Usually, a DHCP option is either an IP address or subnetmask or a string. You can specify all kind of options and option data using the custom option feature of the DHCP server.It looks like this:
[General] OPTION_66=“192.168.5.1“ ; IP address of TFTP server OPTION_60="PXEClient" ; string
Some options, especially the vendor specific OPTION_43, are composed of sub-options of different types. It is possible to define OPTION_43 with one sub-option like this:
OPTION_43=08 0E "http://load.me" ;
This defines OPTION_43 with one sub-option 8. Every sub-option consists of a 1 byte tag (08 in this case), 1 byte length (0E in this case, which is 14 dec) and the data with the given length (http://load.me is a 14 byte string). Unfortunatly the length has to be calculated and entered manually as the second byte in hex format.

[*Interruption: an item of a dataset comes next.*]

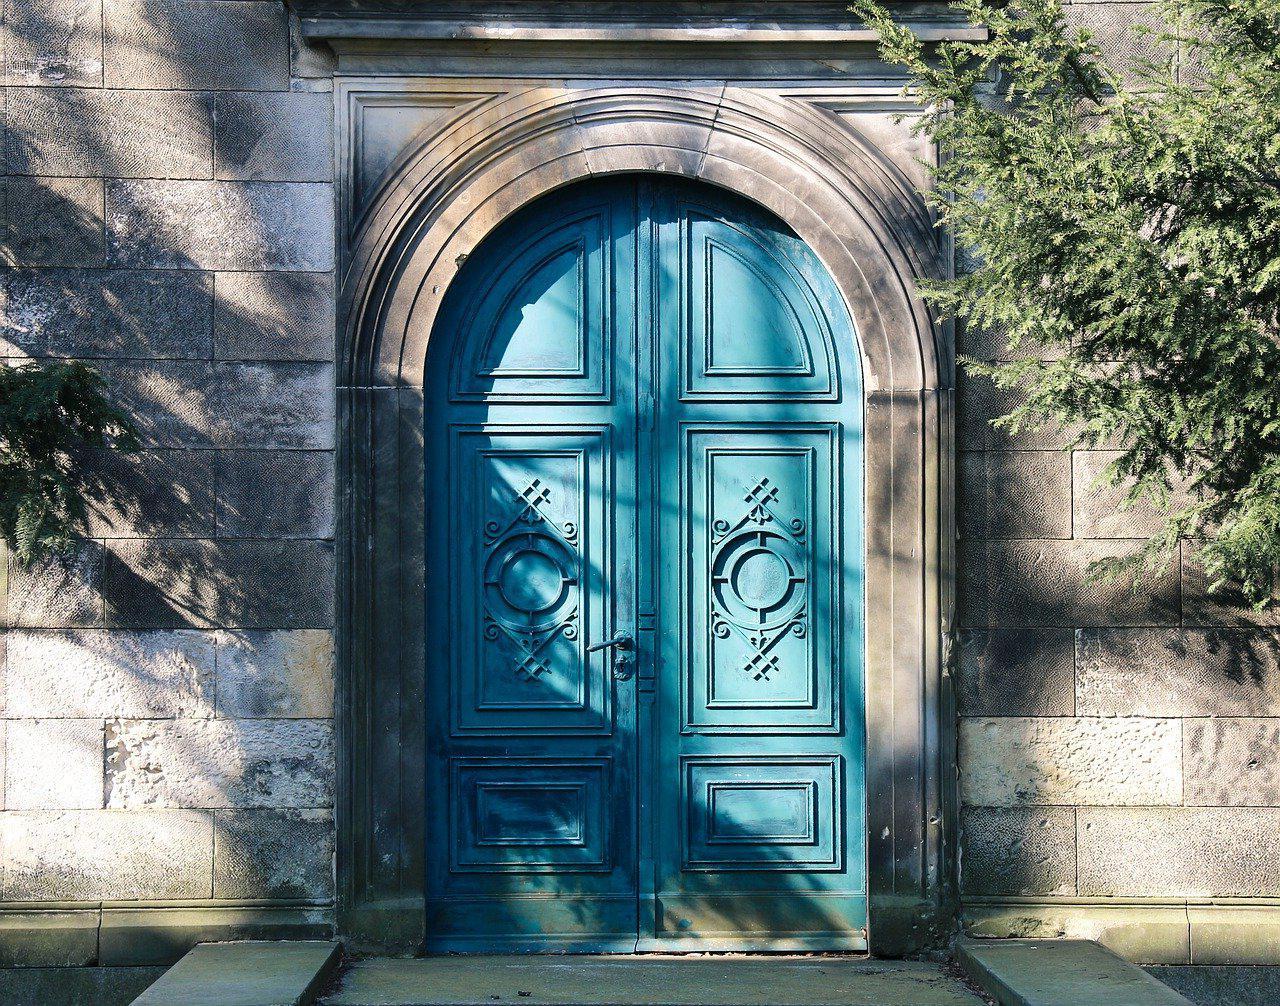 Porte blindée : Prix à Romorantin-Lanthenay 41200 | Porte anti-effraction

If there is a second sub-option to be specified, such as an IP address as sub-option 6 then the complete OPTION_43 looks like this:
OPTION_43=08 0E "http://load.me" 06 04 192.168.5.1 ;
The sub-option 6 also consists of a tag (06), length (04) and data, as you can easily see above.
Since V2.4, the error-prone task to manually determine the length of the sub-option is replaced by an auto-len feature. With that the example above reads like this:
OPTION_43=08 ( "http://load.me" ) 06 ( 192.168.5.1 ) ;
Everything inside parentheses is automatically prefixed with the length of that data.